Let us assume you are aiming to write to a word limit. You have an idea (ok, easier said than done but bear with me, we will talk about that in a moment). How do you start when you know you have only, say, 100 or 300 words and it feels like it is a novel wanting to burst out?
Well for me, the rule one is it is the same as any piece of writing: you just write. It would feel great, wouldn’t it, if you wrote and ended up with 300 words, give or take a few? Wouldn’t it?
The hell it would. Because don’t kid yourself that there isn’t a ton of editing you can and should do and you might well end up with a heck of a lot less, or more after that process. Just write it.
Of course, there is no denying that the amount you exceed the limit, the tougher you’ll have to be in editing but you must give your story its shape.
And that for me is rule two: it’s all about the story. Flash fiction is about story. You have to be sparse with spending words on mood and tone. You certainty do not have the luxury of much descriptive prose that isn’t part of the story, part of what your character is experiencing.
Editing flash isn’t so different to a novel. Most people overwrite somewhat and often say things twice (or more) to make their point. Don’t; take them out. Using a passive voice often extends the word count. Be parsimonious with adjectives, adverbs: sprinkle with salt, don’t cover in cream.

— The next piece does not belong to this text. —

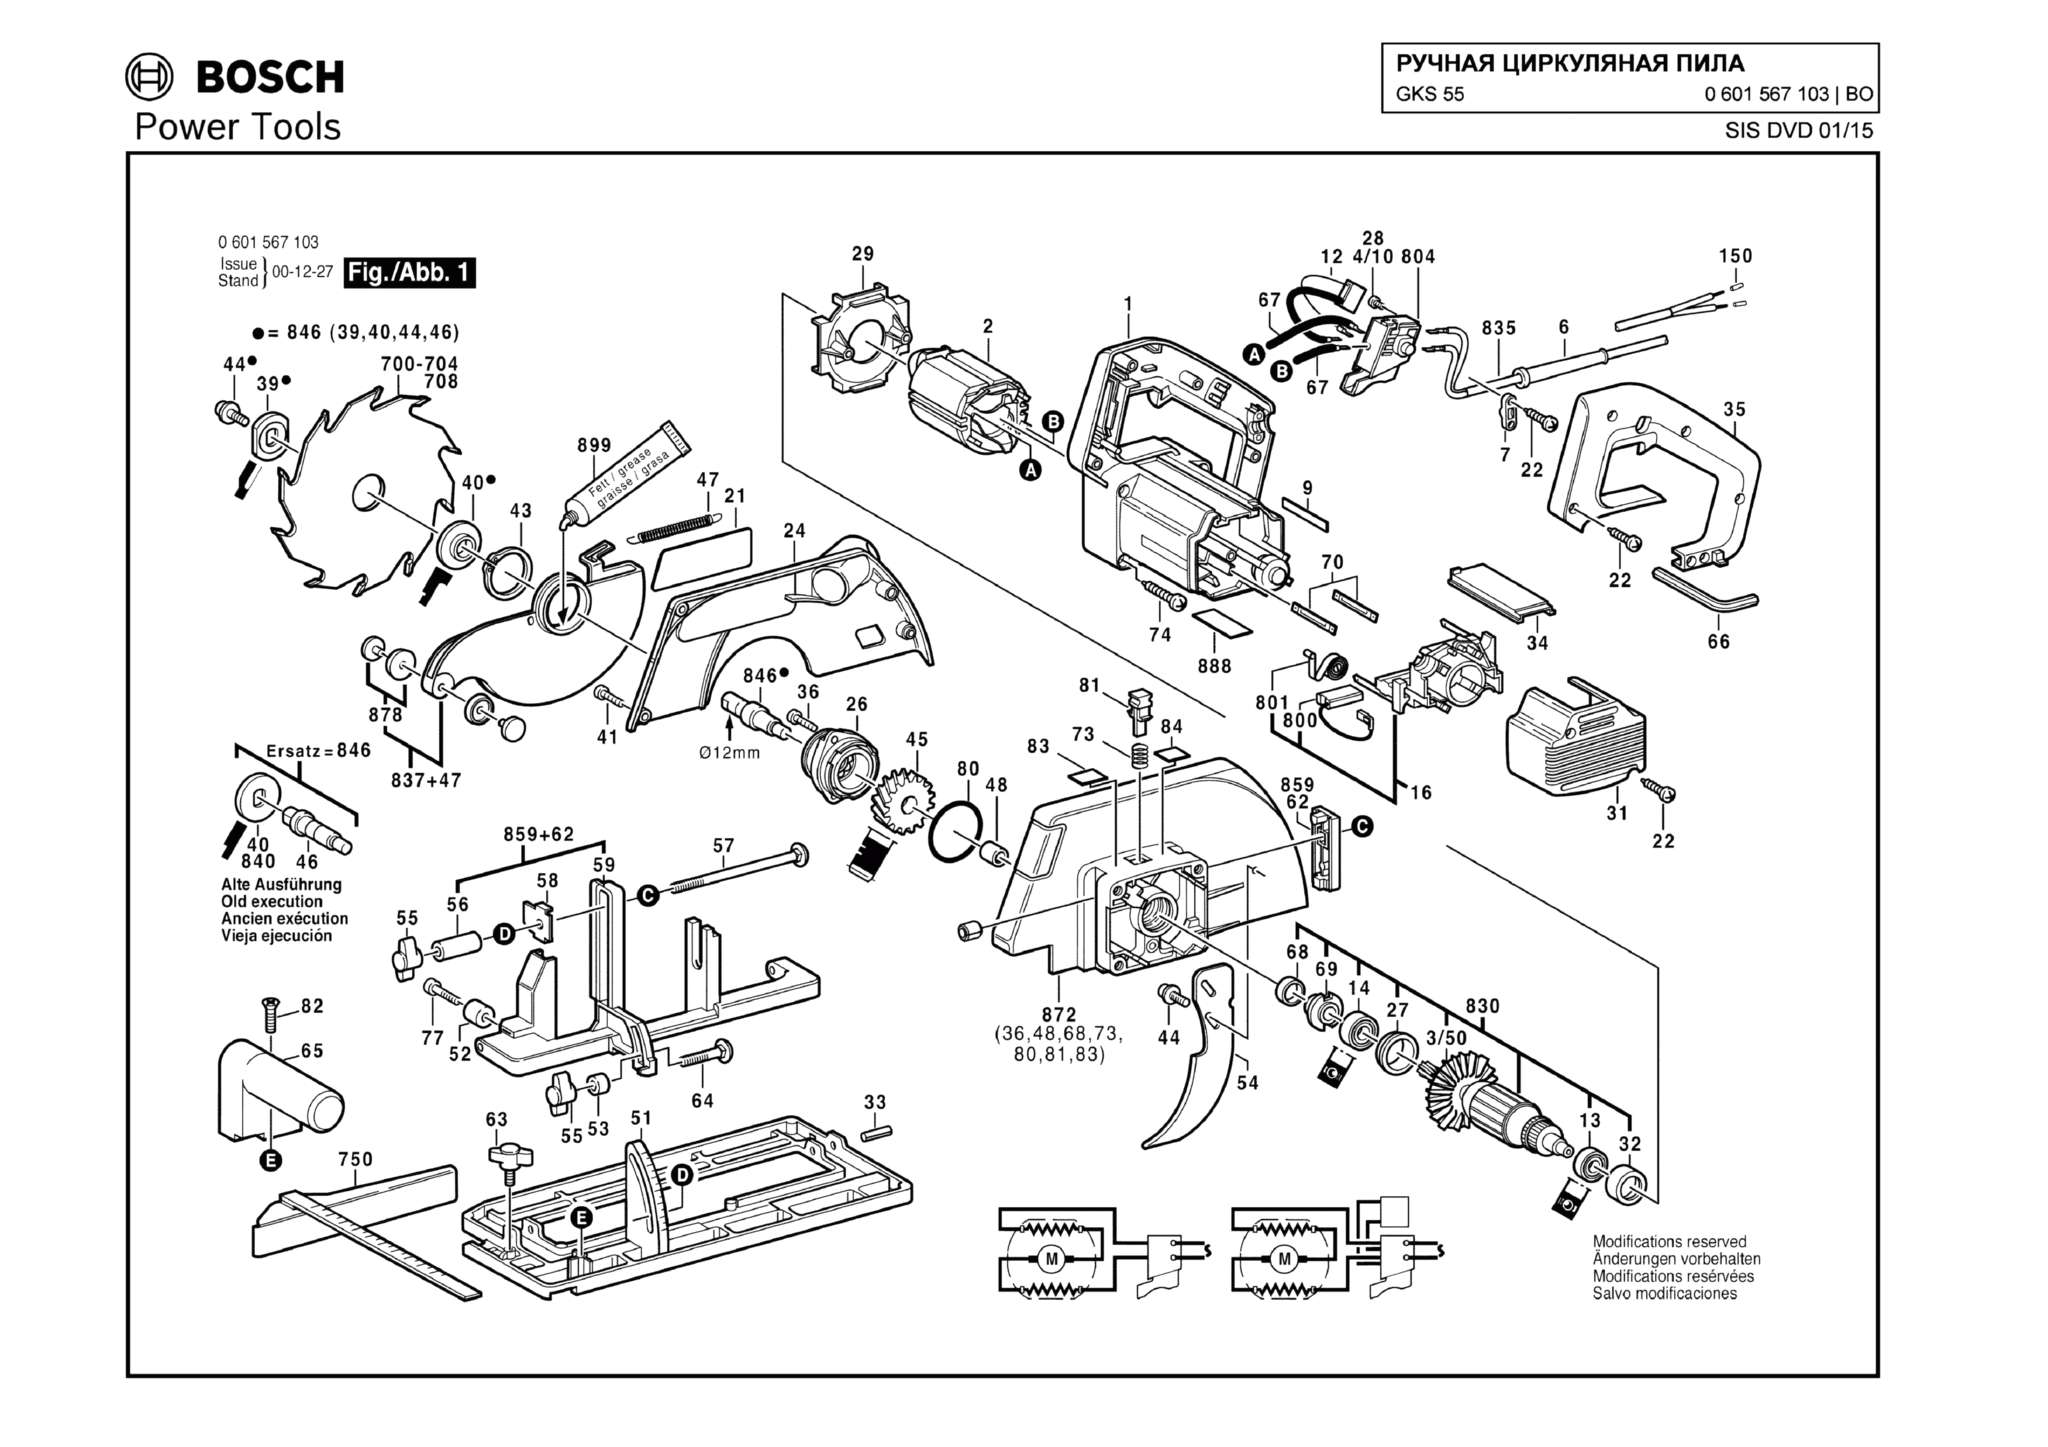 Запчасти, схема и деталировка Bosch GKS 55 (ТИП 0601567103)

Example: Alfred needed a cigarette; he left Elise inside the café while he went outside to smoke (16 words). This could say Craving nicotine, Alfred left Elise in the café, going outside to smoke (12 words) How important is mentioning the café here? Or Alfred’s need. If these are not essential then we could have Alfred left Elise, going outside to smoke (7 words). I’m sure with work you can make this shorter still.
For the beginner I heartily recommend prompts. I’m well aware that a lot of people find the most challenging aspect of fiction writing coming up with an idea. Using a prompt can be a godsend. And there are many that apply to flash: using a picture, or a word, title, character, setting or genre. The word limit itself can force out the idea.
Sometimes people fail because they think their ideas trite, not worthy of pursuing. If that is so then try and look at what might be thought of as the subsidiary characteristics of the prompt. If the image is of a sunset, don’t think about the star-crossed lovers leaving each other, but the angel sitting on the clouds watching them. A gushing river might be an adventure, an escape from some awful situation, but equally image the fish who is commuting home up the water shoot every day and welcomes the weekend when he/she can stay in the pool. There are always subversions you can find if you just pause long enough and look.
Some of the prompts I use include:
Sue Vincent’s #writephoto every Thursday (picture prompt, no word limit)
Charli Mills Carrot Ranch also every Thursday (idea prompt, strict 99 words)
Microcosms every Friday (two or three elements e.g. character, setting, genre – no more than 300 words)
Flash Frenzy every Sunday (picture, no more than 360 words)
Blog Battle from Rachael Ritchey on Tuesdays (theme and genre, no more than 1000 words)
Writespiration from Sacha Black on Wednesdays (word count – 52 words – and theme/idea)
Esther Newton’s Monday Motivations (one word, no word limit usually)
There are so many; find your own and surprise yourself.